Unfortunately, with the ipt-netflow, I'm not finding this to be the case: For my long-lived flow, the FIRST_SWITCHED timestamp is being updated to the beginning of each new 1-minute interval. Is this really desired behavior? I unfortunately don't have a Cisco router at my disposal to see if it does the same thing, but I'd be interested to hear if anyone else can confirm if this behavior is universal.
--Phil

Re: [ipt-netflow] FIRST_SWTICHED being reset after export of active flow

From: ABC <ab...@te...> - 2015-08-14 22:40:35

Hello Phillip,

That's interesting interpretation of FIRST_SWITCHED. The behavior ipt-netflow
you described is intentional, and there is my arguments:

  1. Currently, exported flow is interpreted same as Expired Flow (historically,
  it was expiring from CEF cache), so measurement is restarted for new packets.
  IF, instead of reporting timestamp of first packet of when measurement is
  (re)started, probe will report some other time in the past, then many
  statistical properties of the flow data will be lost or become hard(er) to
  calculate.

  For example, it will not be possible (or become much harder) to correctly
  measure data rate of the flow, because some arbitrary time will be added to
  it's duration. (Yes, it will be possible reconstruct correct rate if we collect
  all intermediate active flow exports for this flow and subtract them from last
  measurement, but this could be thousands and thousands flow records for many
  hours or even days worth data. For example, for some always active persistent
  connection.)

  2. RFC 3954 states:

    3.2. Flow Expiration
      [...]
      3. For long-lasting Flows, the Exporter SHOULD export the Flow
         Records on a regular basis.  This timeout SHOULD be
         configurable at the Exporter.

  This is implicitly confirms that Exported and Expired flow is synonymous for
  Cisco.

  3. RFC 5102 5.11.3 states:

    The Flow was terminated for reporting purposes while it was
    still active, for example, after the maximum lifetime of
    unreported Flows was reached.

  While this is about IPFIX, there is draft-claise-ipfix-eval-netflow-04
  stating important differences between IPFIX and NetFlow v9, which does not say
  there is any differenrcte on expiring/terminating flow for v9 and IPFIX.

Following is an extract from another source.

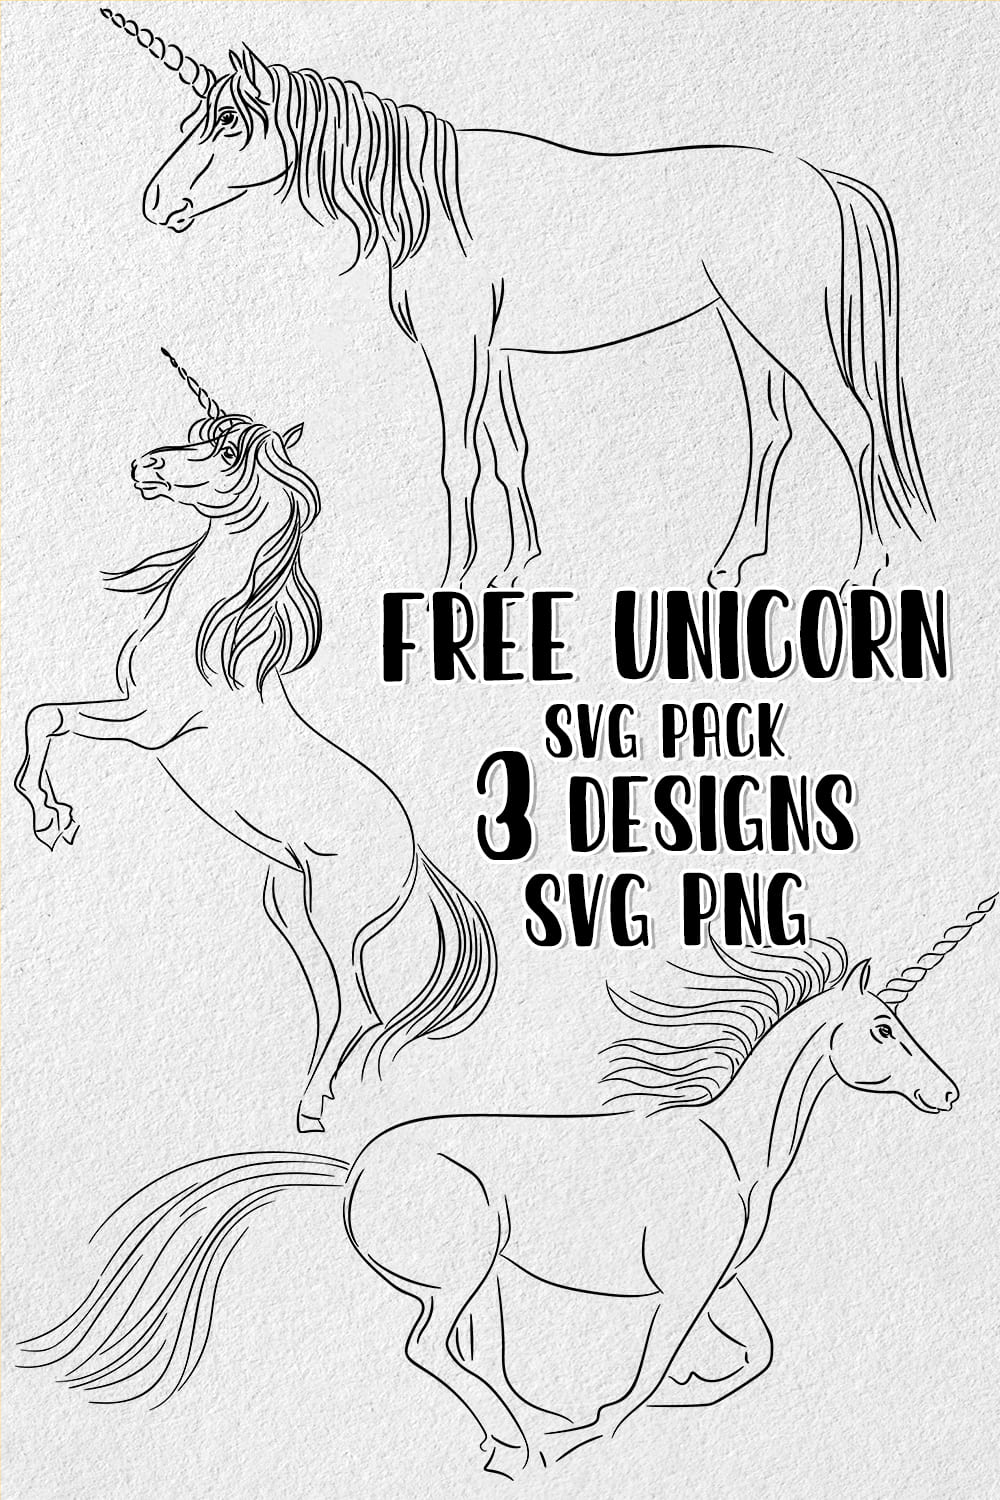 Free unicorn SVG - pinterest image preview.

  If flow is (semantically) "terminated", then what will be next is "new" flow,
  and not some continuation of older flow.

-abc

On Fri, Aug 14, 2015 at 09:07:48PM +0000, Phillip Rzewski wrote:
> Before I get into my question, what I'm ultimately trying to do is find the best way to count new flows started per minute. The question below is regarding a snag I hit when trying to solve this using what I thought was the most direct approach. But I'm open to other suggestions.
> General Netflow docs all describe how each flow can be uniquely identified by the tuple of IP source/dest address+IP source/dest port+etc. It's also advised how the default 30-minute timeout for exporting data about active flows may be sub-optimal since it means a giant burst of traffic will be exported at the conclusion of a long-lived flow, with the collector oblivious up until that point of the long-lived flow's existence. Therefore, I've lowered the active timeout in my environment to 1-minute.
> With these 1-minute updates now coming in for long-lived flows, I was hoping to have a way in my collector to group the records that make up the same long-lived flow, so that way I'd not be counting each flow received at the start of a new minute as a "new flow". I noticed the "FIRST_SWITCHED" field, and this showed great potential since I'd have hoped it would be set to the single timestamp when the flow was first observed in the router, then even in subsequent updates in later minutes that timestamp would be the same.
> Unfortunately, with the ipt-netflow, I'm not finding this to be the case: For my long-lived flow, the FIRST_SWITCHED timestamp is being updated to the beginning of each new 1-minute interval. Is this really desired behavior? I unfortunately don't have a Cisco router at my disposal to see if it does the same thing, but I'd be interested to hear if anyone else can confirm if this behavior is universal.
> --Phil

> ------------------------------------------------------------------------------

> _______________________________________________
> ipt-netflow-users mailing list
> ipt...@li...
> https://lists.sourceforge.net/lists/listinfo/ipt-netflow-users

Re: [ipt-netflow] FIRST_SWTICHED being reset after export of active flow

From: Michael K. <mic...@pl...> - 2015-08-14 23:35:00

I can confirm that Cisco does time stamp based on active timeouts in all cases.
The flow tuple should be used to stitch long lived flows together during longer periods of time. 
As a general rule the flow cache "forgets" everything that was observed when it is exported. Times and flags are all reset among other things that might be considered "stateful".
If you query across a large data set, group on the 7-tuple and use the minimum start interval for start time and the max end interval for the end.
This will always give you the flow duration for the period specified.

-Mike Krygeris


Sent from my iPhone

> On Aug 14, 2015, at 6:40 PM, ABC <ab...@te...> wrote:
> 
> Hello Phillip,
> 
> That's interesting interpretation of FIRST_SWITCHED. The behavior ipt-netflow
> you described is intentional, and there is my arguments:
> 
>  1. Currently, exported flow is interpreted same as Expired Flow (historically,
>  it was expiring from CEF cache), so measurement is restarted for new packets.
>  IF, instead of reporting timestamp of first packet of when measurement is
>  (re)started, probe will report some other time in the past, then many
>  statistical properties of the flow data will be lost or become hard(er) to
>  calculate.
> 
>  For example, it will not be possible (or become much harder) to correctly
>  measure data rate of the flow, because some arbitrary time will be added to
>  it's duration. (Yes, it will be possible reconstruct correct rate if we collect
>  all intermediate active flow exports for this flow and subtract them from last
>  measurement, but this could be thousands and thousands flow records for many
>  hours or even days worth data. For example, for some always active persistent
>  connection.)
> 
> 
>  2. RFC 3954 states:
> 
>    3.2. Flow Expiration
>      [...]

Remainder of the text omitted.